Information provided: Begin

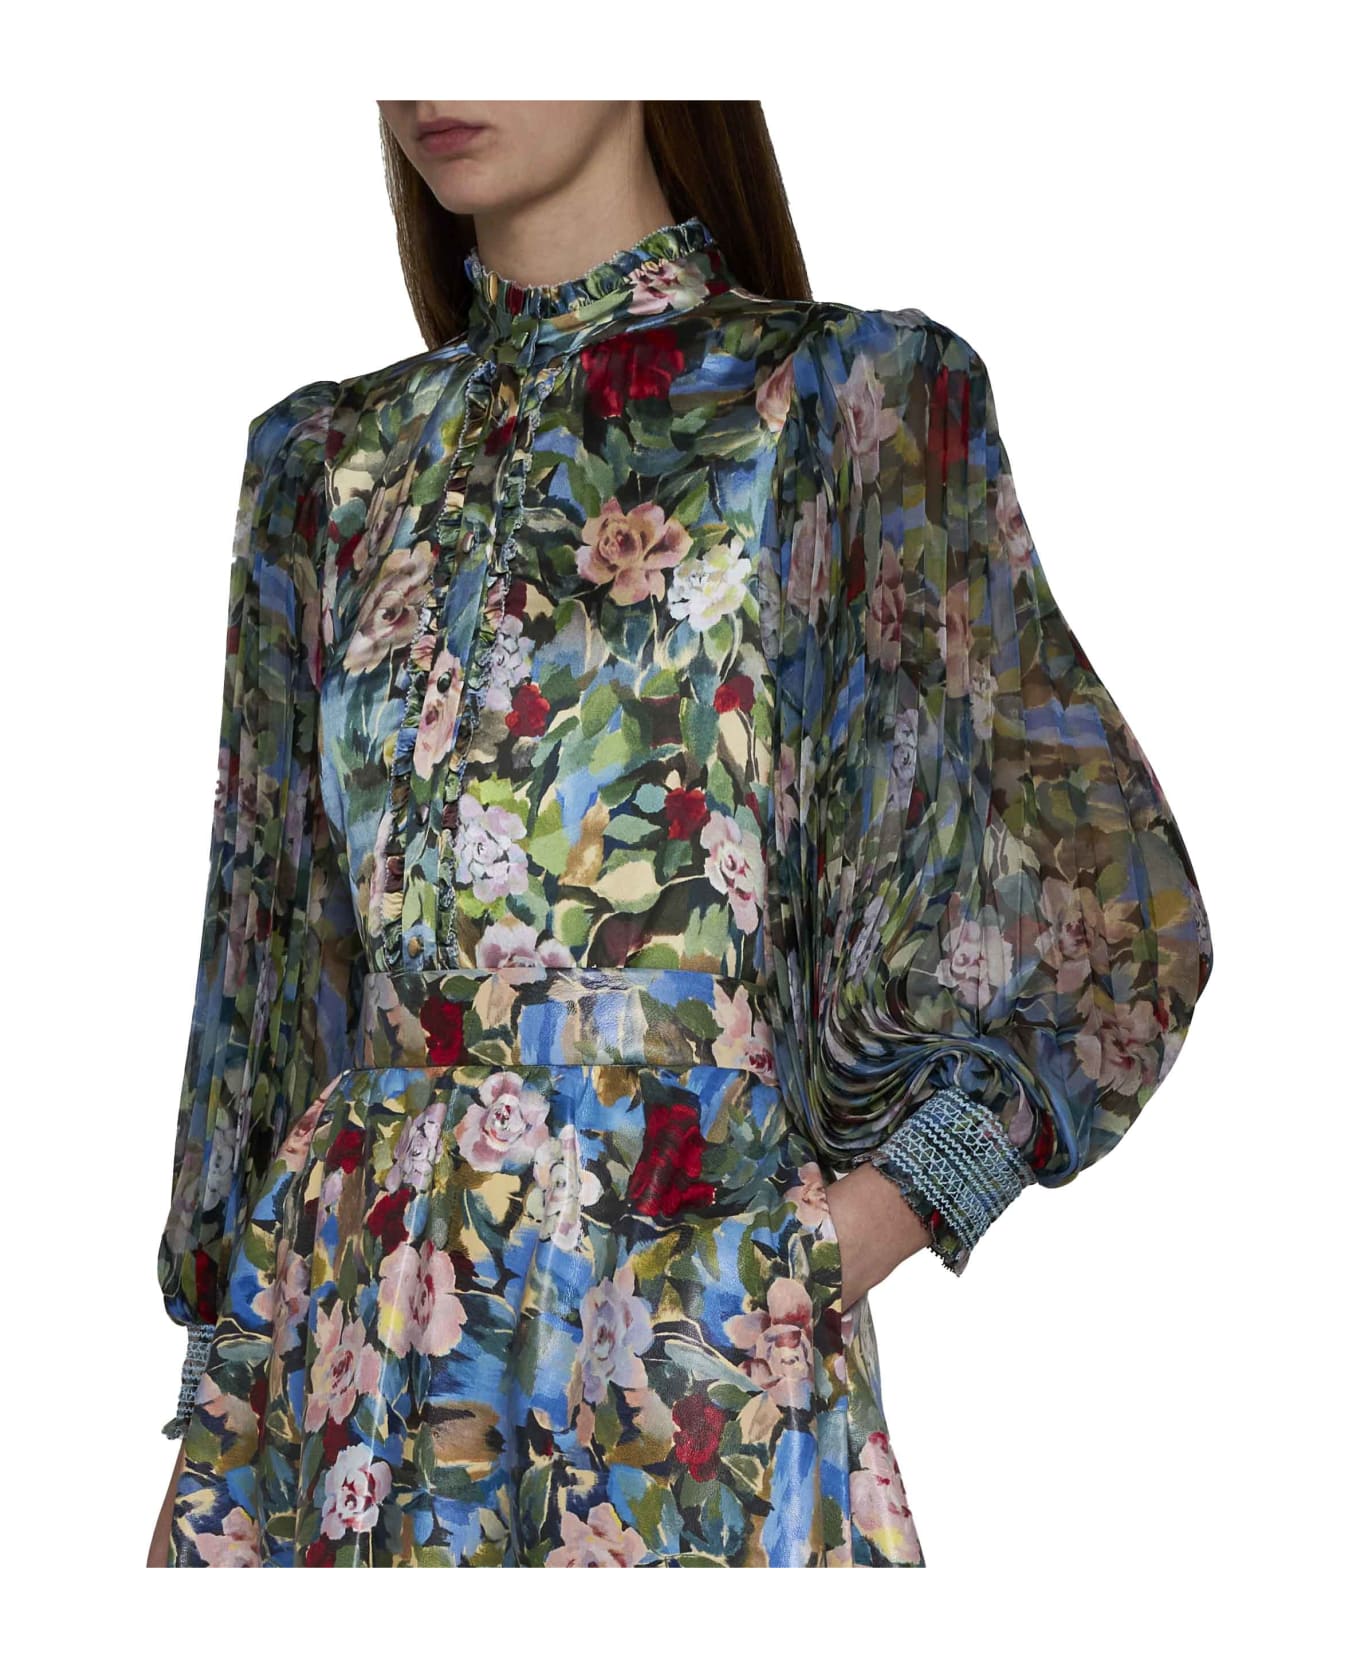 Alice + Olivia Shirt - Breeze floral sm ブラウス
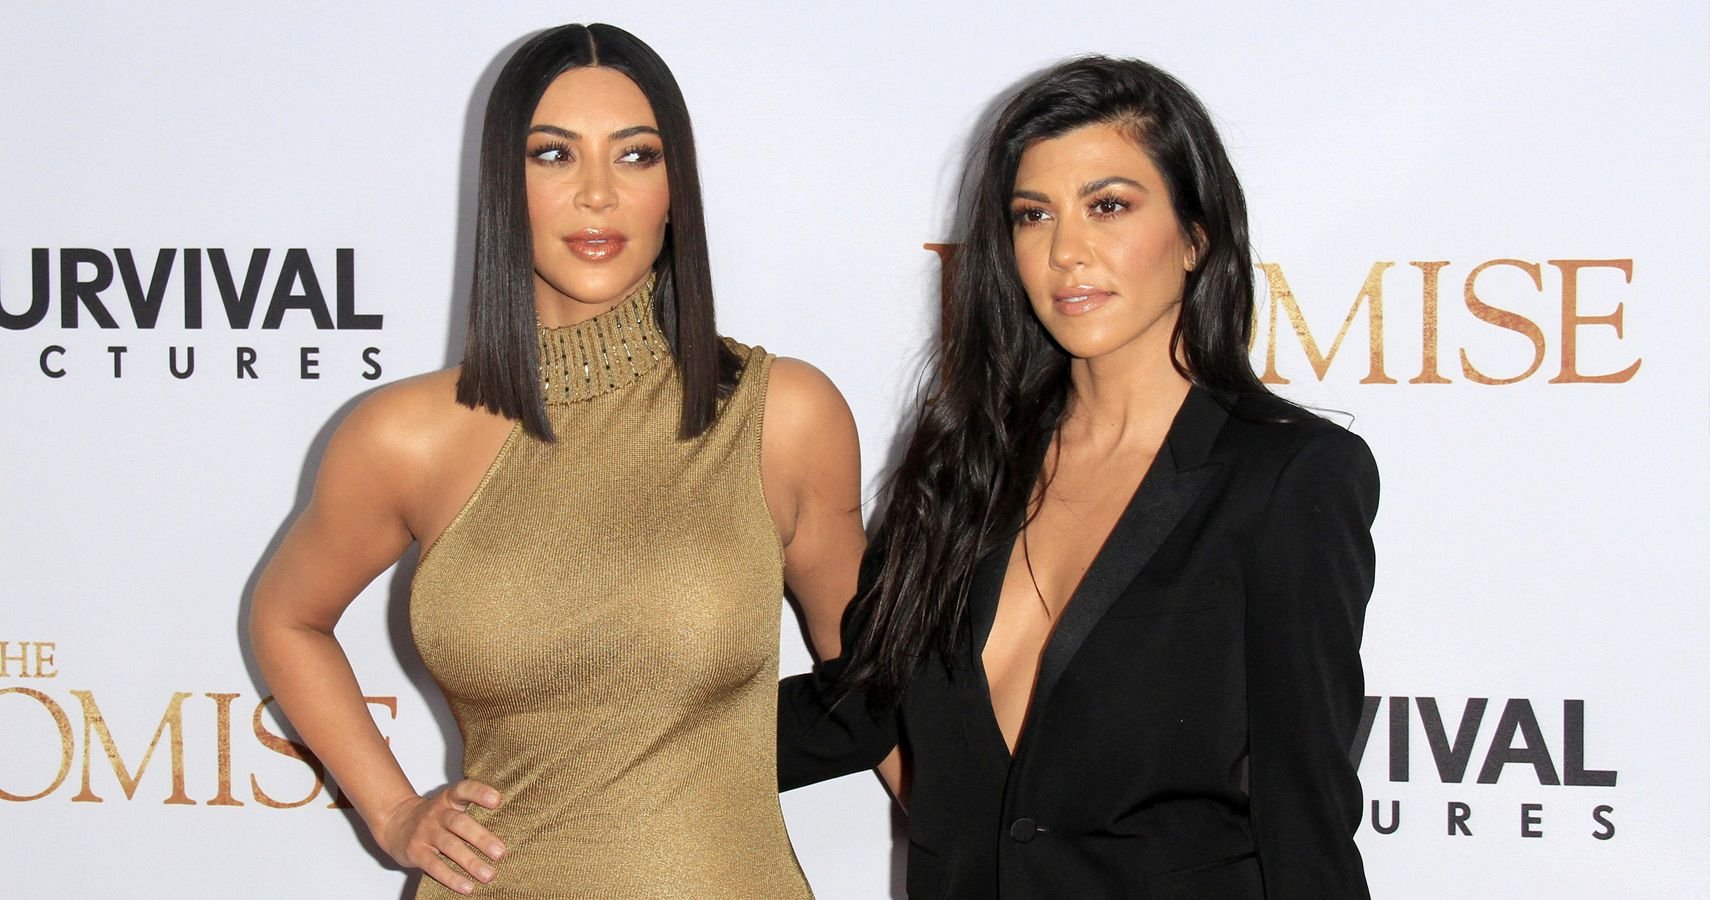 Kourtney Kardashian Quietly Makes Millions While Her Sisters Take The Spotlight
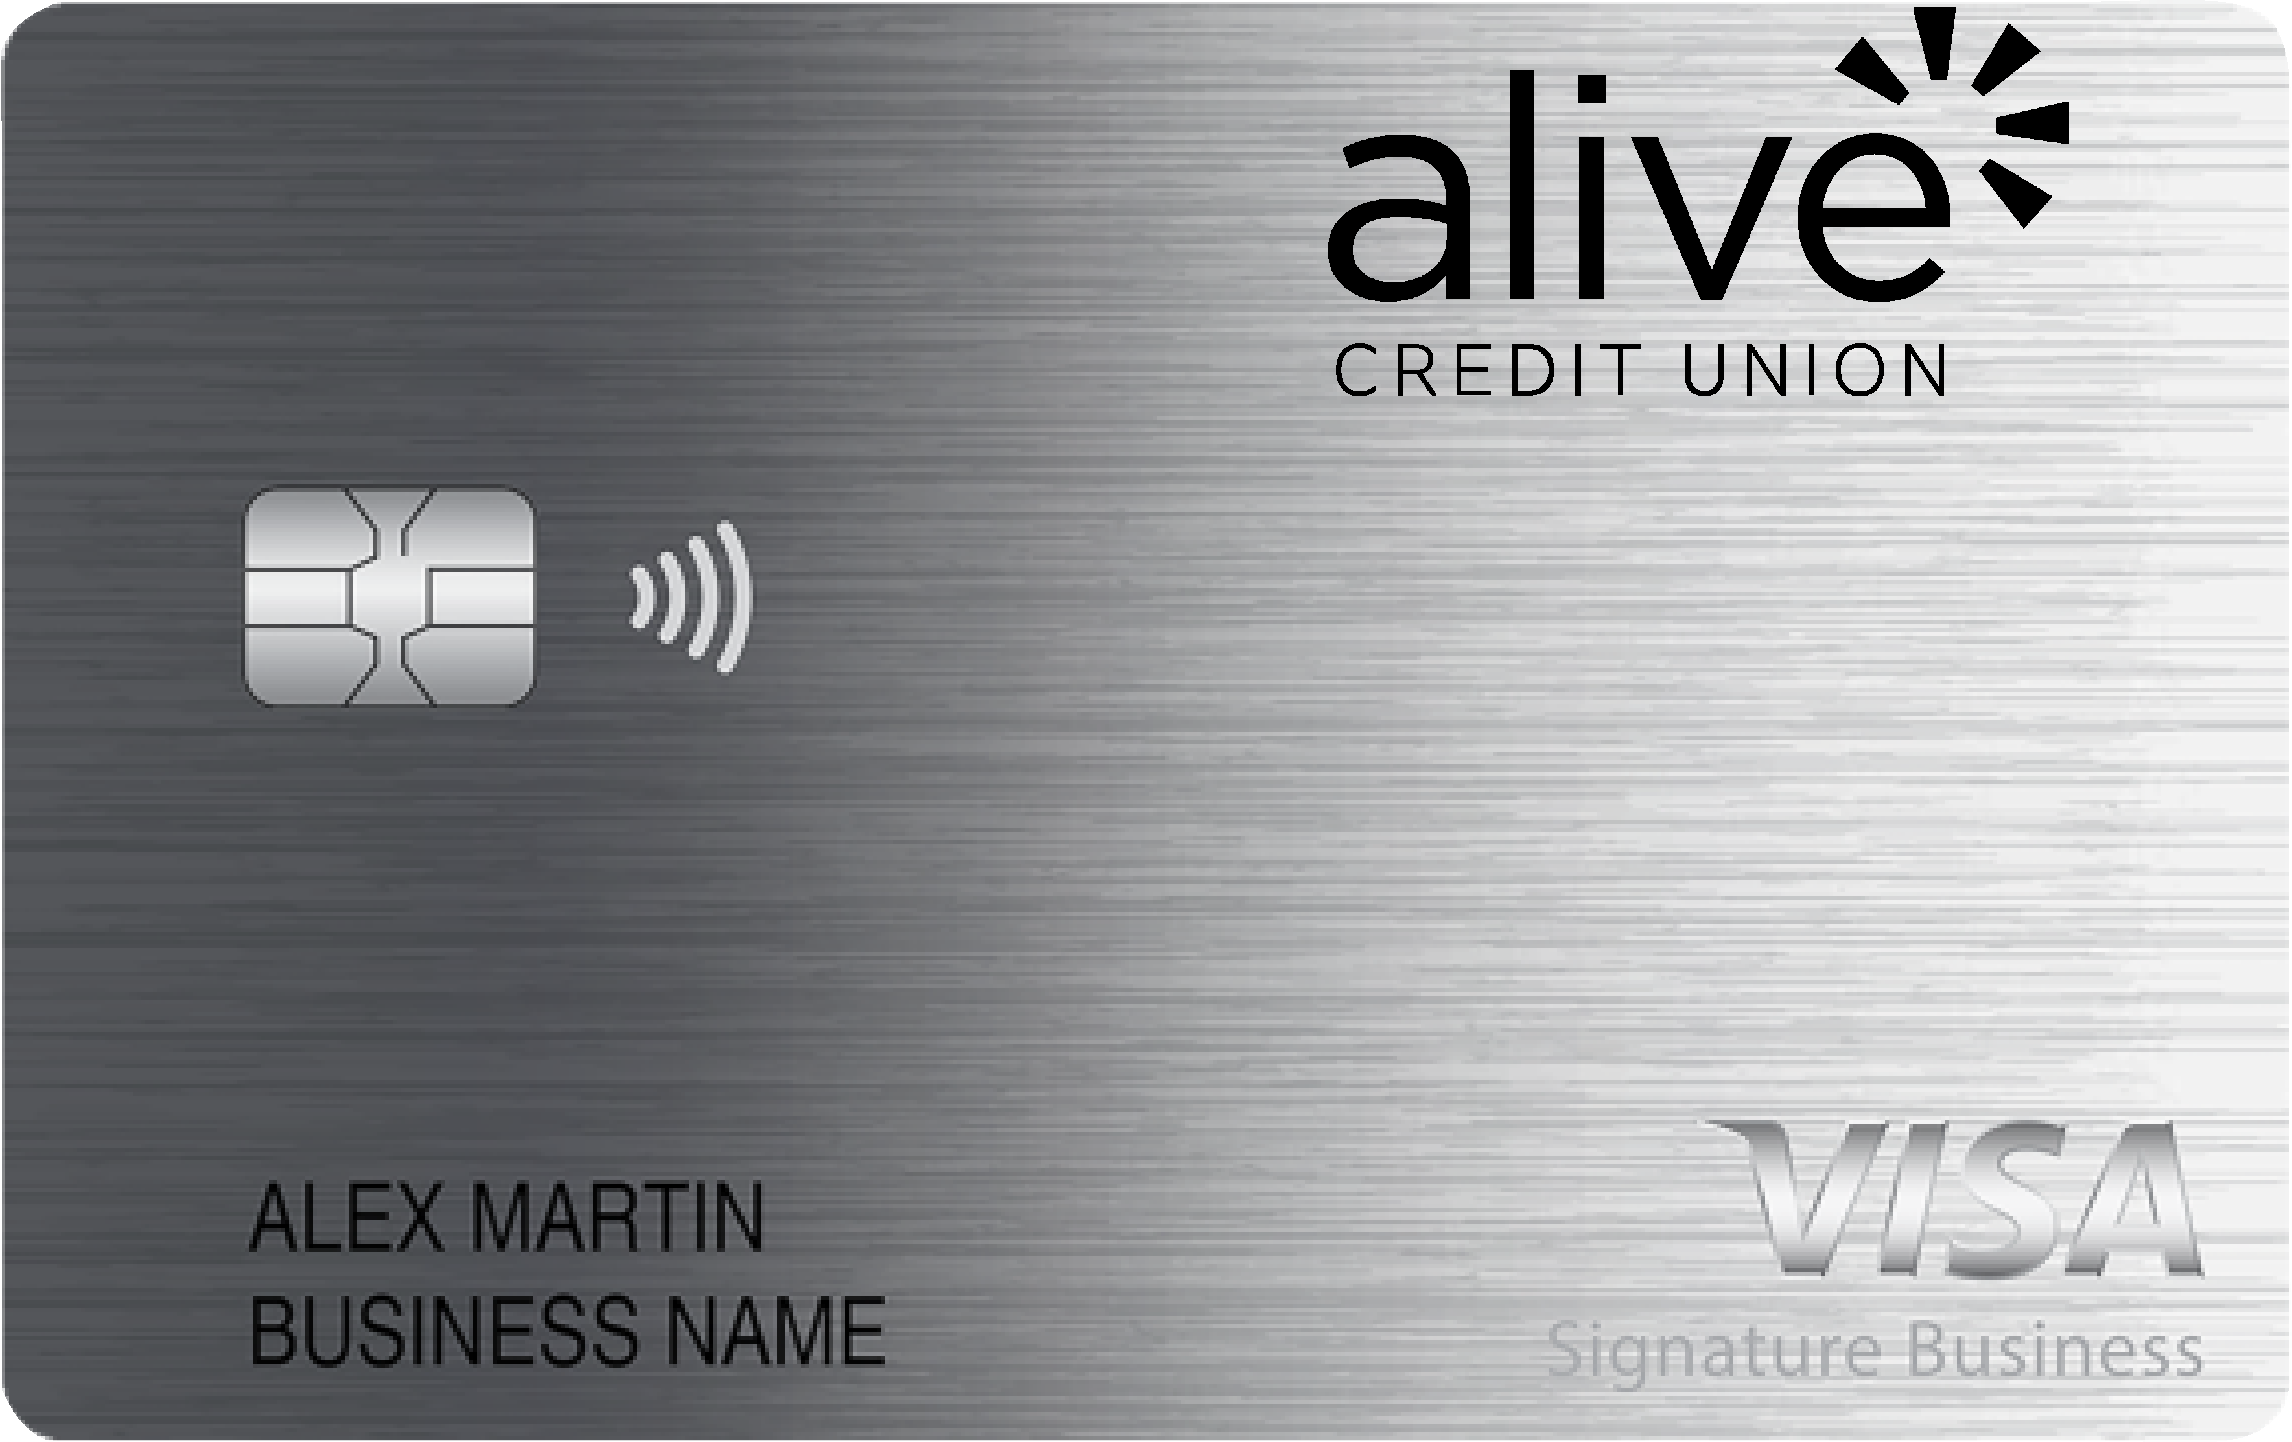 Alive Credit Union Smart Business Rewards Card

Information provided: End

Task requirements = Transcribe the data exactly, minus any images.

Response area =
 Alice + Olivia Shirt - Breeze floral sm ブラウス
 Kourtney Kardashian Quietly Makes Millions While Her Sisters Take The Spotlight
 Alive Credit Union Smart Business Rewards Card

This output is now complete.